Par conséquent, il n’y a pas lieu à référé sur ces demandes en paiement de pénalités.
4/ Sur les frais
La demanderesse a exposé des frais pour faire valoir ses droits, il est donc équitable de condamner la S.A.R.L. A2PSC à lui verser la somme de 500,00 € en application des dispositions de l’article 700 du Code de procédure civile.

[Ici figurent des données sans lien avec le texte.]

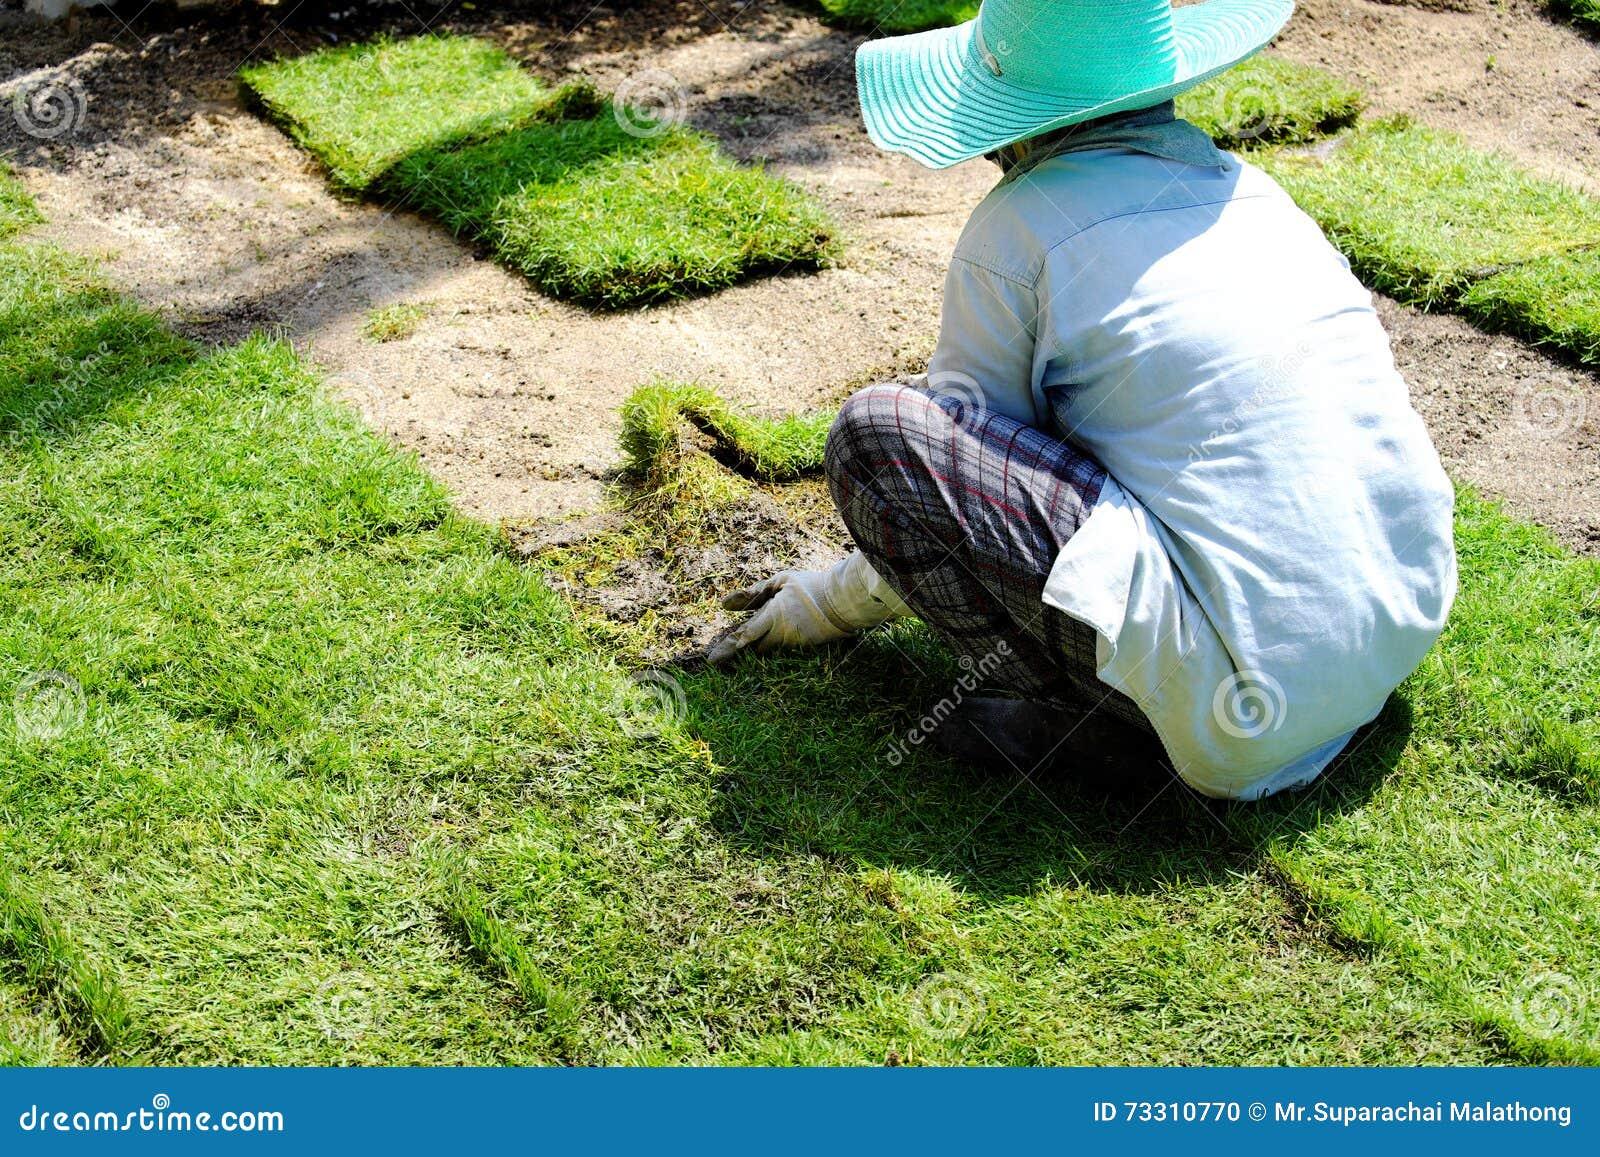 Gardeners are planting grass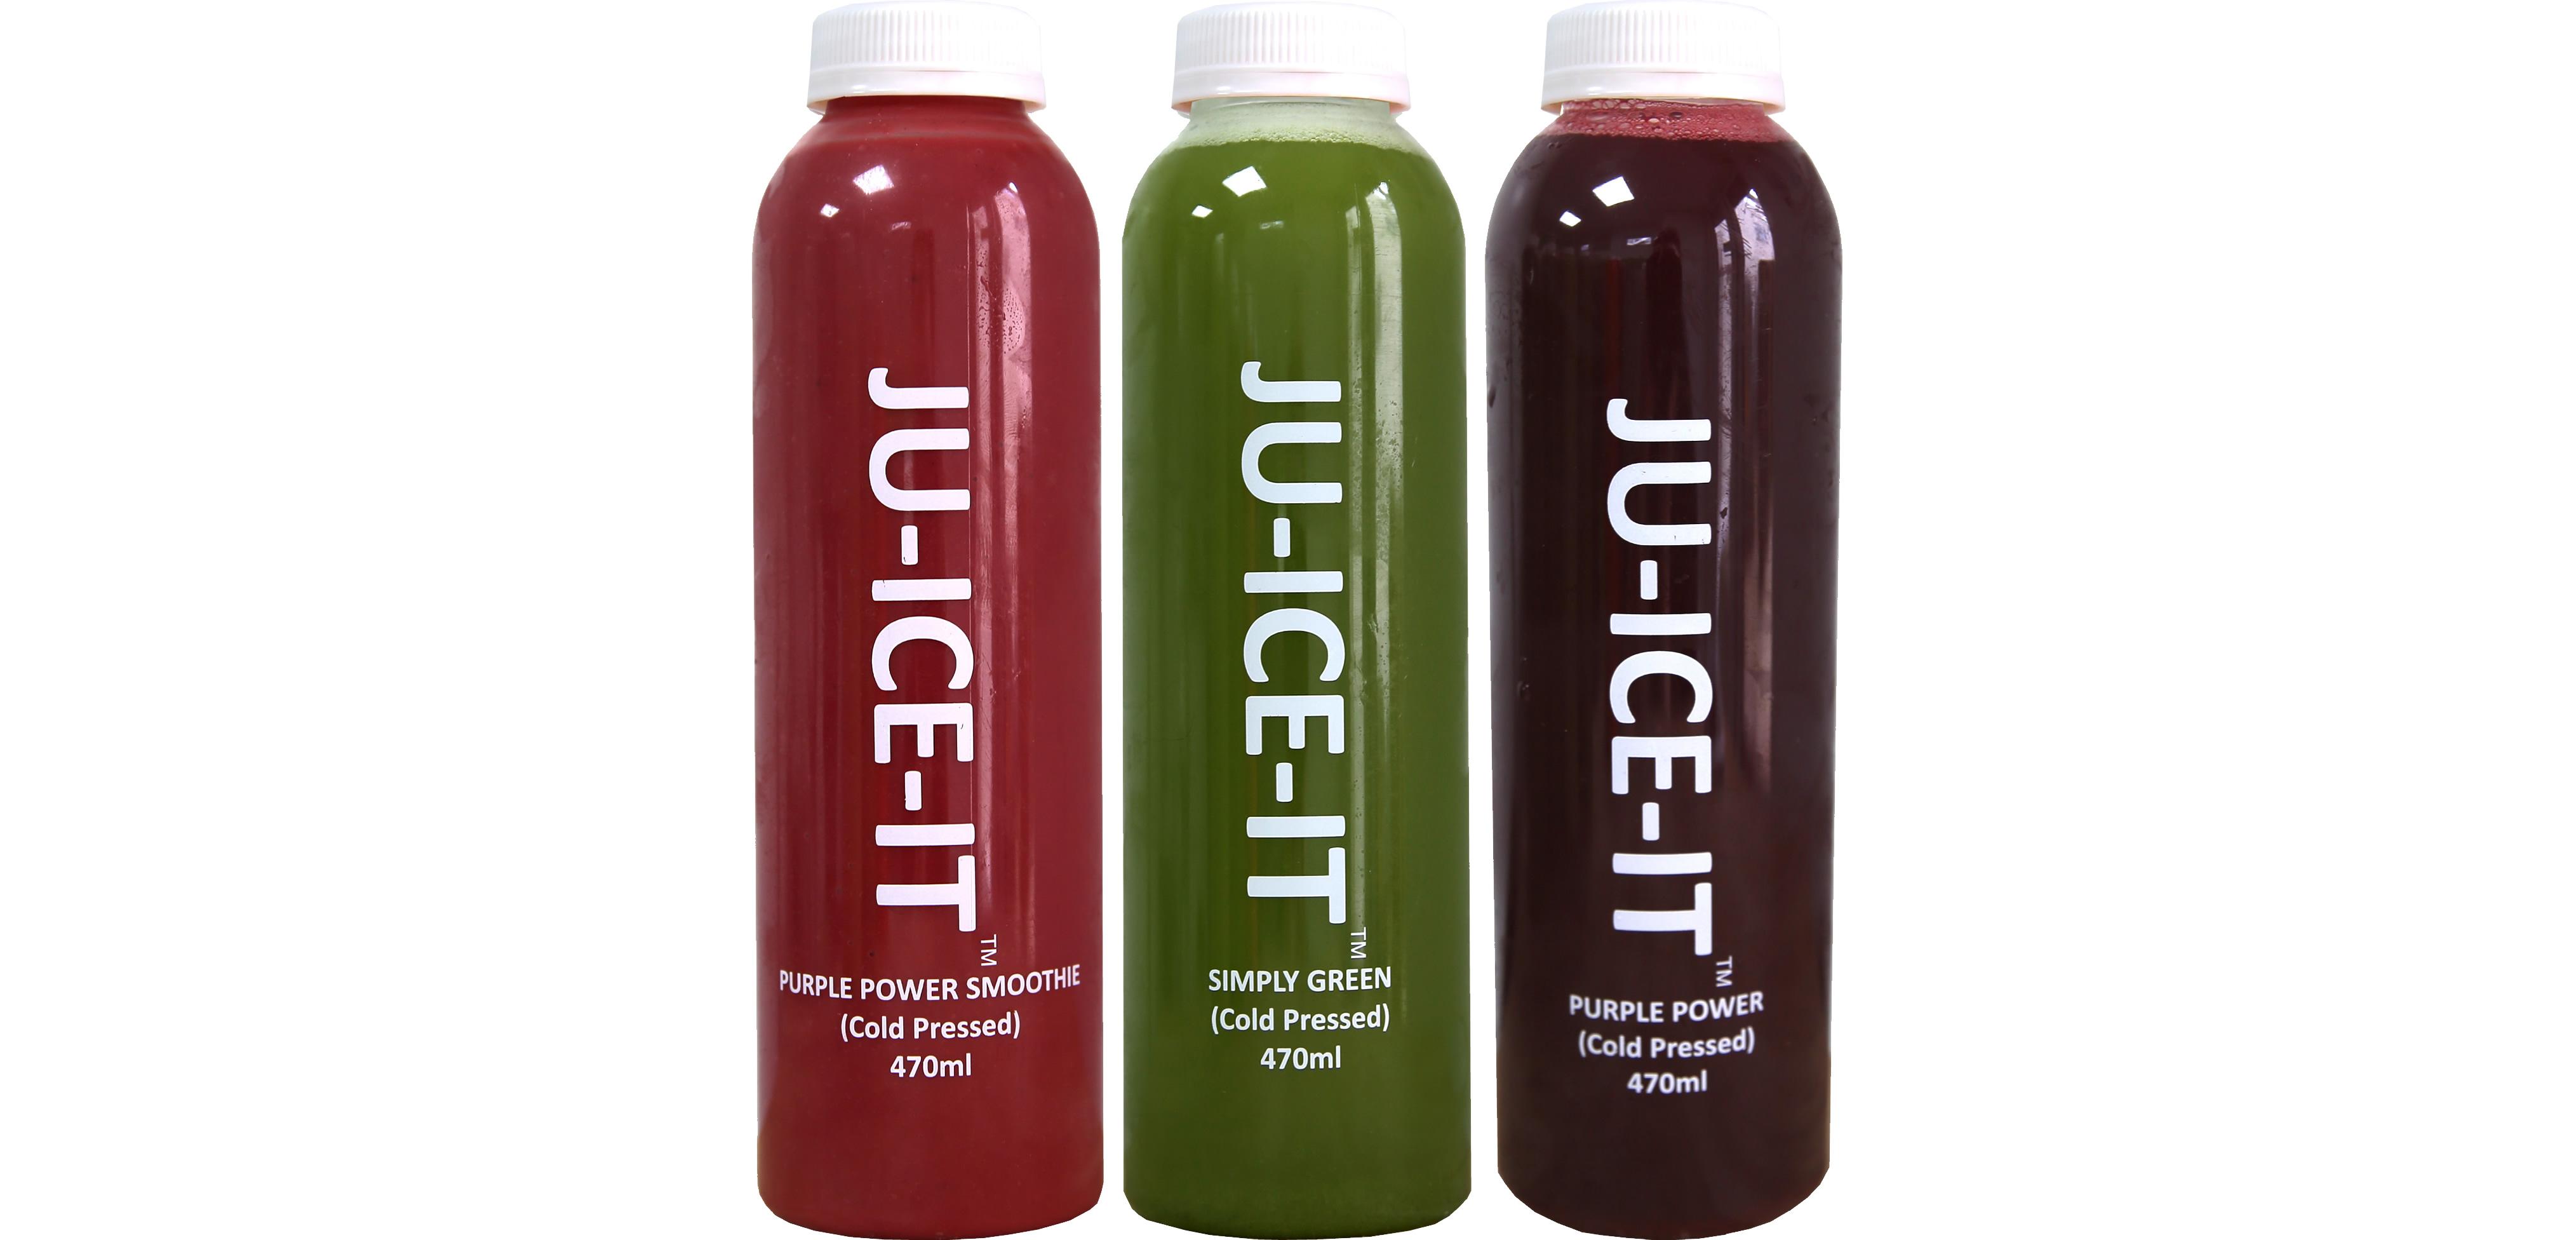 3 juices

La S.A.R.L. A2PSC supportera également les entiers dépens comprenant le coût du commandement de payer.
PAR CES MOTIFS
Le juge des référés, statuant après débats en audience publique et en premier ressort, par ordonnance réputée contradictoire prononcée par mise à disposition au greffe,
CONSTATE l’acquisition de la clause résolutoire contenue dans le bail liant les parties, suivant commandement de payer délivré par acte de commissaire de justice en date du 5 mars 2024,
CONSTATE la résiliation à la date du 5 avril 2024 du contrat de bail liant la S.A MAISON ANTOINE BAUD – MAB, d’une part, et la S.A.R.L. A2PSC (AMEMAG MULTISERVICES), d’autre part, par le jeu de la clause résolutoire,
DIT en conséquence que la S.A.R.L. A2PSC (AMEMAG MULTISERVICES), sera tenue d’évacuer et de rendre libres les locaux appartenant à la S.A MAISON ANTOINE BAUD – MAB situés [Adresse 2], à [Localité 5], dans un délai de 15 jours à compter de la signification de la présente ordonnance,
DIT n’y avoir lieu au prononcé d’une astreinte de ce chef,
ORDONNE à défaut de départ volontaire, incluant la restitution des clefs, son expulsion ainsi que celle de tout occupant de son chef, si besoin est avec l'assistance de la force publique et d'un serrurier, dans les formes et délais prévus par les articles L. 431-1 et suivants et R. 411-1 et suivants du Code des procédures civiles d’exécution, et conformément à l’article L. 433-1 du même Code, et autorise le propriétaire à procéder à l’enlèvement de tous les biens mobiliers garnissant les lieux loués et à les faire entreposer dans tel local de son choix aux frais et périls de la partie expulsée,
CONDAMNE la S.A.R.L. A2PSC (AMEMAG MULTISERVICES) à payer à la S.A. MAISON ANTOINE BAUD - MAB à titre provisionnel, une indemnité d’occupation mensuelle égale au montant du dernier loyer facturé, outre les charges, la TVA, la taxe foncière et les frais de prestation de gestion, soit la somme de MILLE CENT QUARANTE EUROS ET TRENTE TROIS CENTIMES (1.140,33 €) TTC, à compter du 1er juillet 2024, et ce, jusqu’à complète libération des lieux et remise des clefs, avec intérêts au taux légal à compter de la présente décision,
CONDAMNE la S.A.R.L. A2PSC (AMEMAG MULTISERVICES) à payer à la S.A. MAISON ANTOINE BAUD - MAB la somme de DOUZE MILLE SEPT CENT CINQUANTE NEUF EUROS ET CINQUANTE SIX CENTIMES (12.759,56 €) TTC au titre de l’arriéré locatif au mois de juin 2024 inclus, avec intérêts au taux légal à compter de la présente décision,
DIT n’y avoir lieu à référé sur toutes autres demandes,
CONDAMNE la S.A.R.L. A2PSC (AMEMAG MULTISERVICES) à payer à la S.A. MAISON ANTOINE BAUD - MAB la somme de CINQ CENTS EUROS (500,00 €) en application de l’article 700 du Code de procédure civile,
CONDAMNE la S.A.R.L. A2PSC (AMEMAG MULTISERVICES) aux entiers dépens comprenant le coût du commandement de payer,
RAPPELLE que la présente décision est exécutoire à titre provisoire.